Did the mother’s heart flutter more than usual, as from a first anxiety, or was there a softer solicitude dimming her eye, that the youth should seize her hand and put it tenderly to his lips, while he thus replied?
“Fear nothing, mother most beloved, your son has done nothing that may give you pain. Only say, do you wish to hear all that has befallen me to-day, or only the cause of my late return home?”
“Tell me all, dear Pancratius,” she answered; “nothing that concerns you can be indifferent to me.”
“Well, then,” he began, “this last day of my frequenting school appears to me to have been singularly blessed, and yet full of strange occurrences. First, I was crowned as the successful competitor in a declamation, which our good master Cassianus set us for our work during the morning hours; and this led, as you will hear, to some singular discoveries.

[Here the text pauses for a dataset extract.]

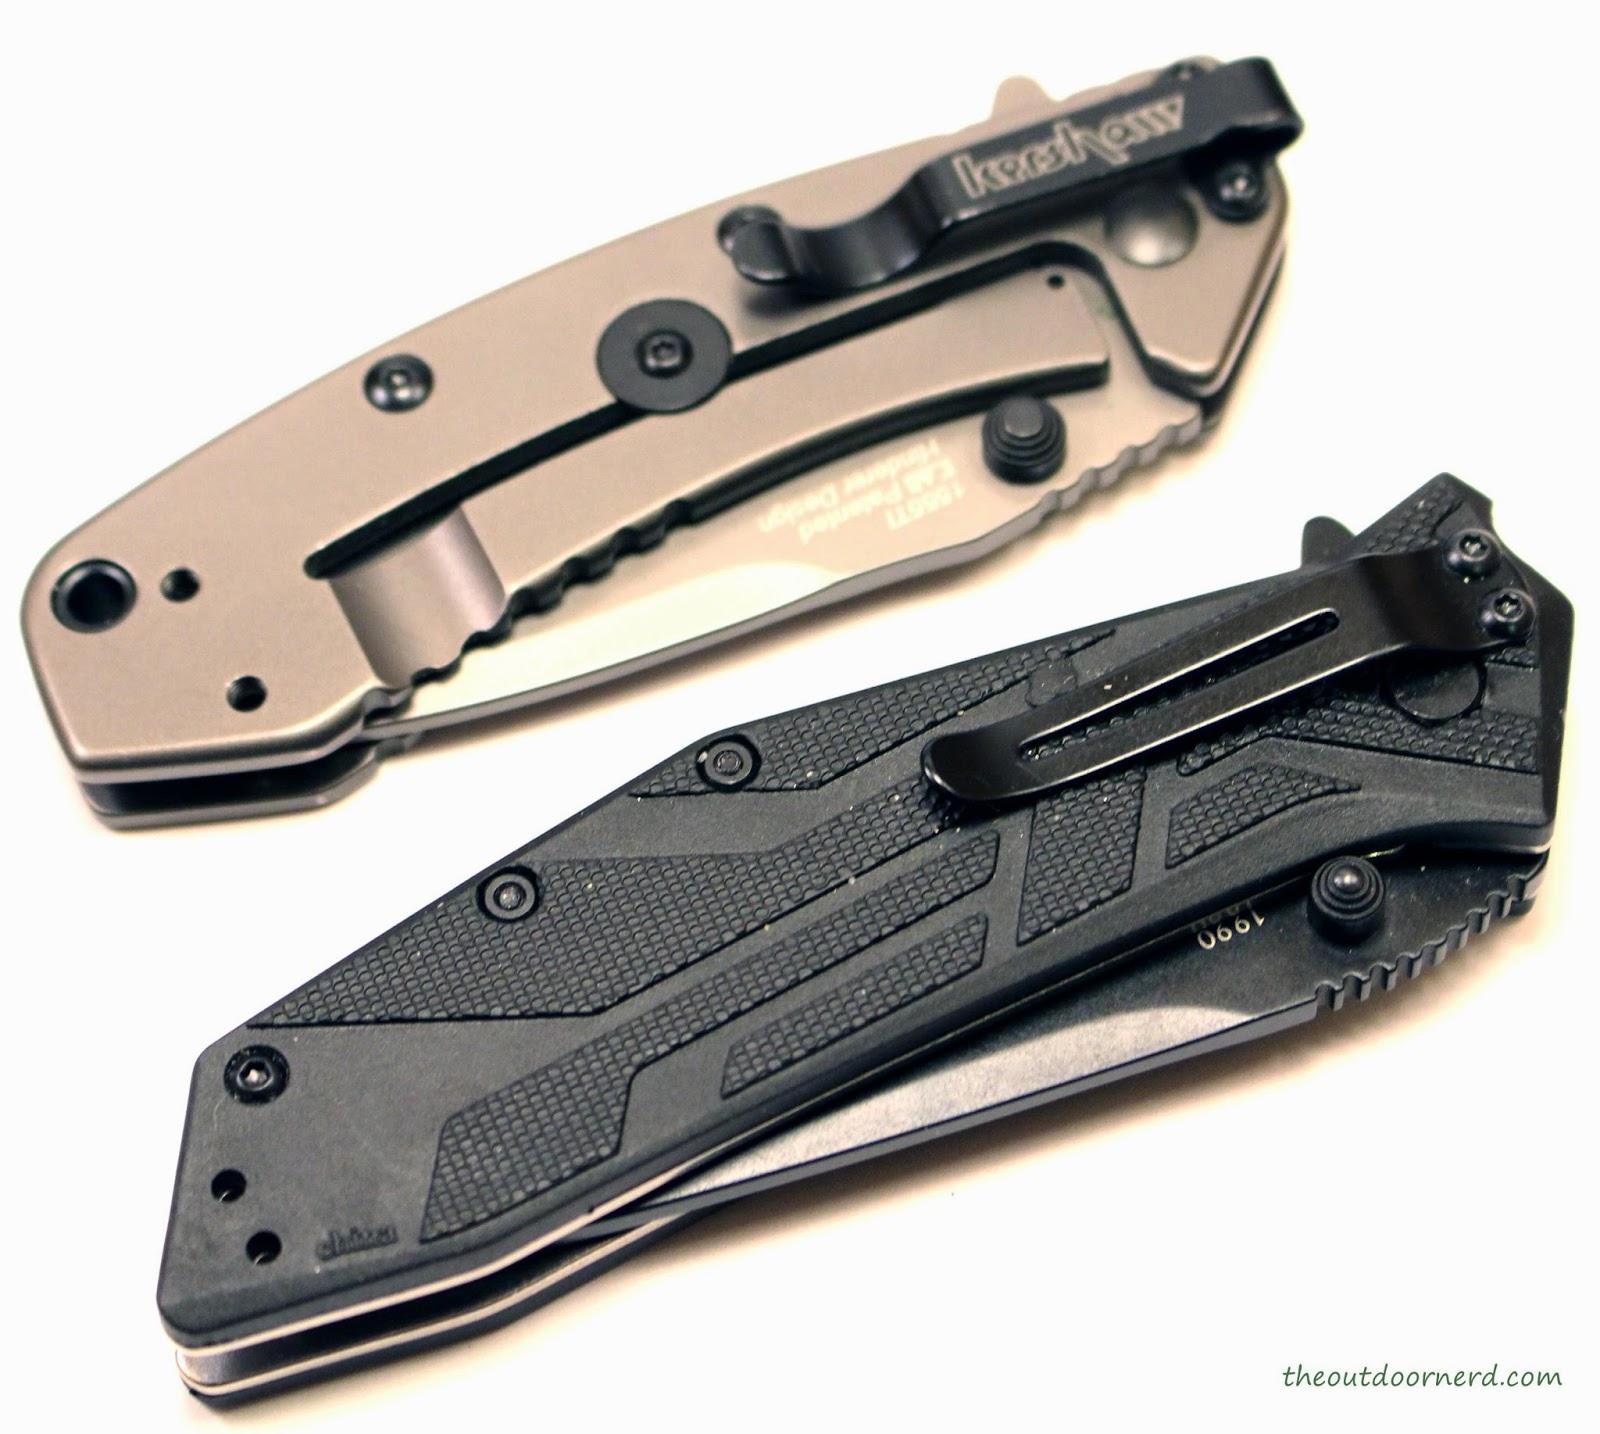 Kershaw Brawler Pocket Knife With Cryo 1

The subject was, ‘That the real philosopher should be ever ready to die for truth.’ I never heard anything so cold or insipid (I hope it is not wrong to say so) as the compositions read by my companions. It was not their fault, poor fellows! what truth can they possess, and what inducements can they have, to die for any of their vain opinions? But to a Christian, what charming suggestions such a theme naturally makes! And so I felt it. My heart glowed, and all my thoughts seemed to burn, as I wrote my essay, full of the lessons you have taught me, and of the domestic examples that are before me. The son of a martyr could not feel otherwise. But when my turn came to read my declamation, I found that my feelings had nearly fatally betrayed me. In the warmth of my recitation the word ‘Christian’ escaped my lips instead of ‘philosopher,’ and ‘faith’ instead of ‘truth.’ At the first mistake I saw Cassianus start; at the second, I saw a tear glisten in his eye, as bending affectionately towards me, he said, in a whisper, ‘Beware, my child; there are sharp ears listening.’”
“What, then,” interrupted the mother, “is Cassianus a Christian? I chose his school for you because it was in the highest repute for learning and for morality; and now indeed I thank God that I did so. But in these days of danger and apprehension we are obliged to live as strangers in our own land, scarcely knowing the faces of our brethren. Certainly, had Cassianus proclaimed his faith, his school would soon have been deserted. But go on, my dear boy. Were his apprehensions well grounded?”
“I fear so; for while the great body of my school-fellows, not noticing these slips, vehemently applauded my hearty declamation, I saw the dark eyes of Corvinus bent scowlingly upon me, as he bit his lip in manifest anger.”
“And who is he, my child, that was so displeased, and wherefore?”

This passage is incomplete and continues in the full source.